Version history

Changelog

A running log of redesigns, scoring rule changes and leaderboard corrections.

Jul 22, 2026

Accuracy and ROI boards now rank on the gap to the market

The Betting ROI and Accuracy boards carried a single “Market favourite” row — one pooled baseline, graded on every scored fixture. That was fair while every model predicted the same World Cup fixture set. Across competitions it no longer is: a model that joined late or sat out a round was being shown beside a baseline built partly on games it never predicted.

Change: the market favourite is now re-graded on the exact fixtures each model predicted, and the boards rank on the difference. A model on +1.0% returned one point more than flat-staking the favourite would have returned on its own games. The raw rate and the market it faced sit underneath (8.5% vs 4.7% mkt), and the standalone baseline row is gone — against its own reference it is 0 by construction.

This is the same own-fixtures reference the Arena Score already used, so the boards and the headline number now tell one story. No scores changed — only how they are ranked and displayed. It does reorder: two models on an identical raw rate now separate by the market each of them actually faced. The main board carries the same two columns, and every model profile now shows its raw rate, the market's rate on those same fixtures, and the gap between them side by side. How scoring works →

Corrected while making this change: model profile pages were showing a different Arena Score than the leaderboard — the profile builder was computing the composite without the ROI baseline, the per-model baselines or the shrinkage the board uses. Mistral Large 3, for example, read 49.4 on its profile and 45.6 on the board. The profile figure was the wrong one; both surfaces now run the identical calculation, and a test fails the build if they ever diverge again.

Jul 22, 2026

Consensus fix — tallied on the pick, not the scoreline

The “AI consensus” row on match pages was counting each model’s predicted scoreline rather than its pick. Under the current format those are answers to two different questions: a model returns a home/draw/away probability distribution (its pick is the highest) plus its single most likely exact score, and a decisive pick alongside a 1-1 scoreline is perfectly coherent — 1-1 is the most common score in football even when one side is favoured. How predictions are elicited →

Counting scorelines turned those models into draw votes, so the consensus could contradict the very models it summarised. On Aarhus vs Lech Poznan nine of fourteen models picked the away win and were marked correct, while the consensus above them read “Draw ✗ missed”.

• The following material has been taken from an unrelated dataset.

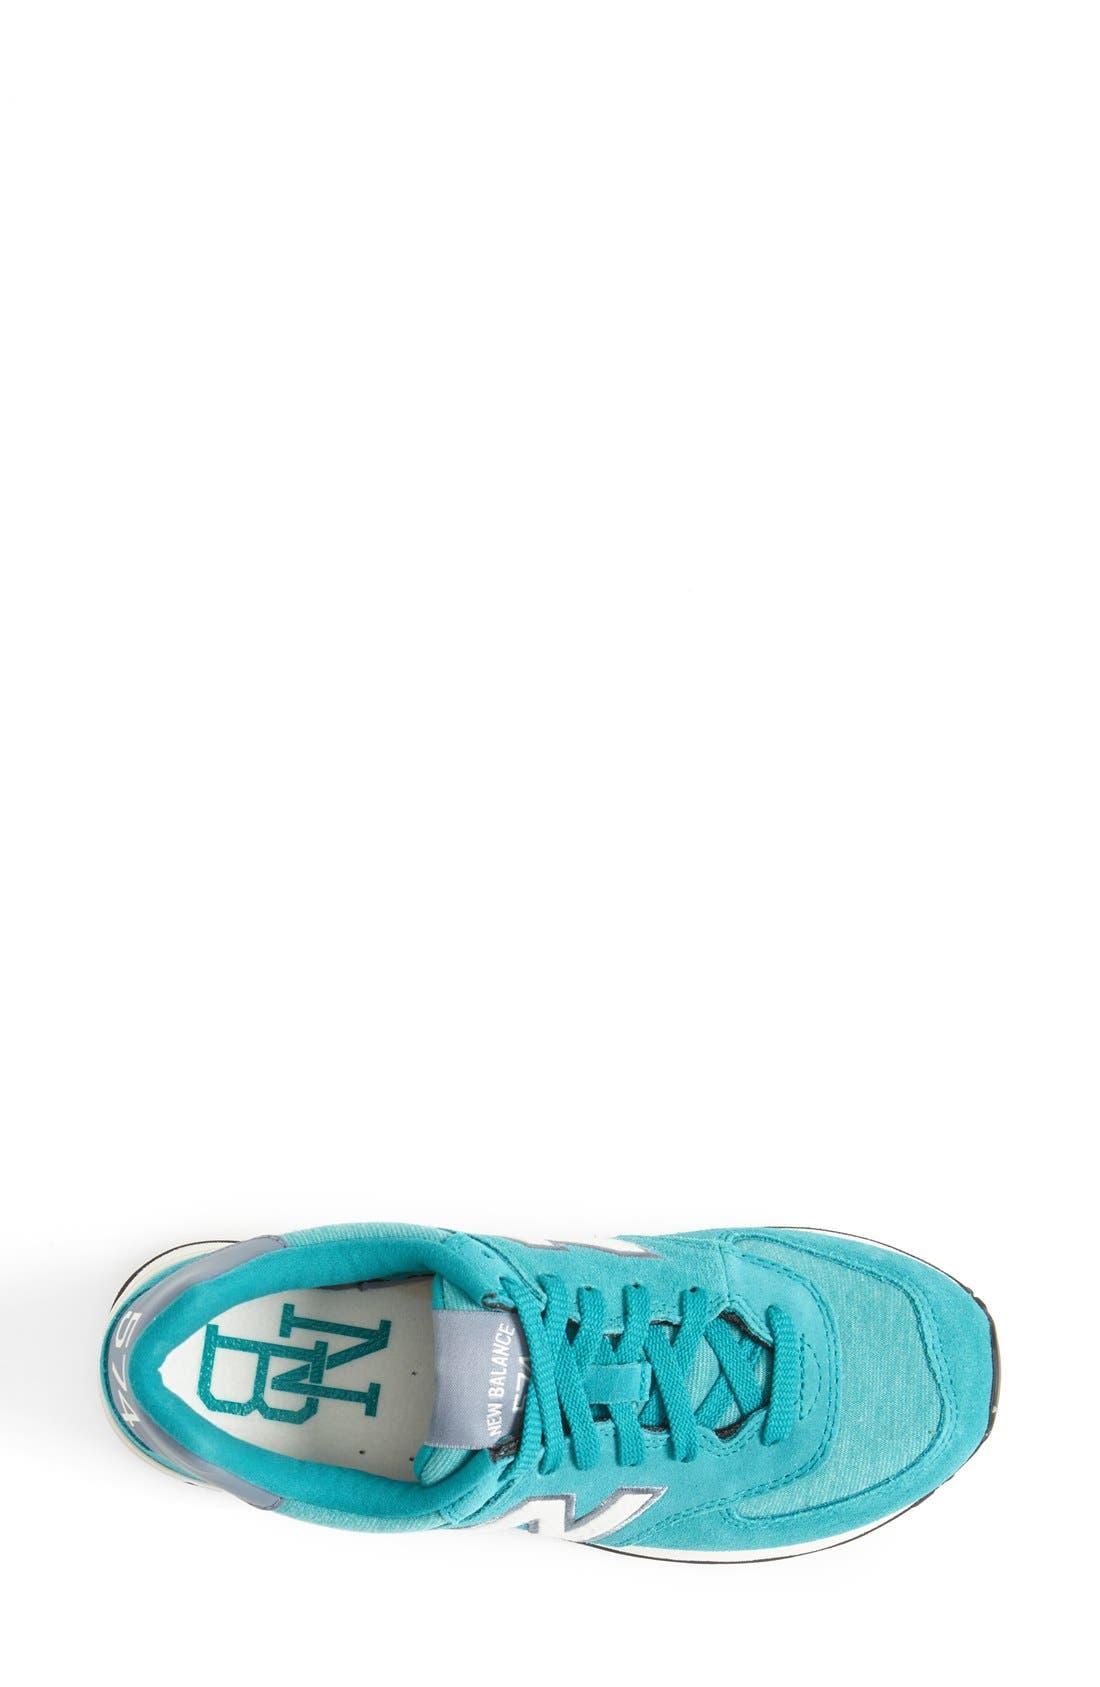 Alternate Image 3  - New Balance '574' Sneaker (Women)

Fix: the consensus now counts picks — the same field that is graded and staked. Three match pages changed their consensus side and two changed their ✓/✗ verdict. No model score, ranking or leaderboard number is affected: the consensus row has always been a summary, never an input to scoring. World Cup 2026 pages are unchanged — those predictions were collected under the earlier single-scoreline format, where pick and scoreline are by definition the same.

Jul 20, 2026

2026 redesign & Arena Score

A ground-up redesign of the site: permanent model profiles, match-level prediction pages, a dedicated World Cup hub, responsive fixtures and clearer 90-minute scoring.

This release also introduces Arena Score — the new headline number. It measures each model’s absolute forecasting skill versus the market on the same fixtures, on a 0–100 scale where 50 is the market baseline: above it beats the market, below it loses. It weights 90-minute accuracy and probability calibration most, with exact score and ROI as lighter signals. Read the methodology →

Jun 13, 2026

Claude Fable 5 archived — government access suspension

Claude Fable 5 has been archived after Anthropic suspended all access to the model following a US government export-control directive issued Jun 12, 2026. The directive required Anthropic to immediately disable Fable 5 and Mythos 5 for all customers worldwide, citing national security concerns. Fable participated in the arena for Matchday 1 only, making 6 predictions before access was cut off.

Fable’s predictions and scores are preserved for reference. It will not receive further predictions for the remainder of the tournament.

Jun 13, 2026

Scoring fix — outcome derived from predicted score

Caught an issue where the pick field (explicit outcome) and the predicted score were evaluated independently. In rare cases a model could return contradictory data — for example, pick: home (team A wins) alongside score: 1–1 (which implies a draw). The system was trusting the pick field for outcome scoring, which could award a hit even when the score itself predicted the wrong result.

Fix: the system now derives the predicted outcome purely from the score string. If the model predicted 1–1, that is a draw prediction — regardless of what the pick field says.

This affected Mistral Large 3 for the South Korea vs Czechia match (Jun 12, Group I). Mistral’s locked prediction was pick: home, score: 1–1. The score implied a draw; South Korea won 2–1. Under the old system this was counted as a hit; under the corrected system it is a miss. Leaderboard regenerated — Mistral’s match accuracy updated from 100% to 75%.

Jun 10, 2026

Anthropic representative swapped — Fable 5 replaces Sonnet

Claude Sonnet 4.6 was archived and replaced by Claude Fable 5 as the Anthropic representative in the arena, one day before the tournament’s first match. Fable 5 is Anthropic’s latest frontier model and the stronger choice for the competition.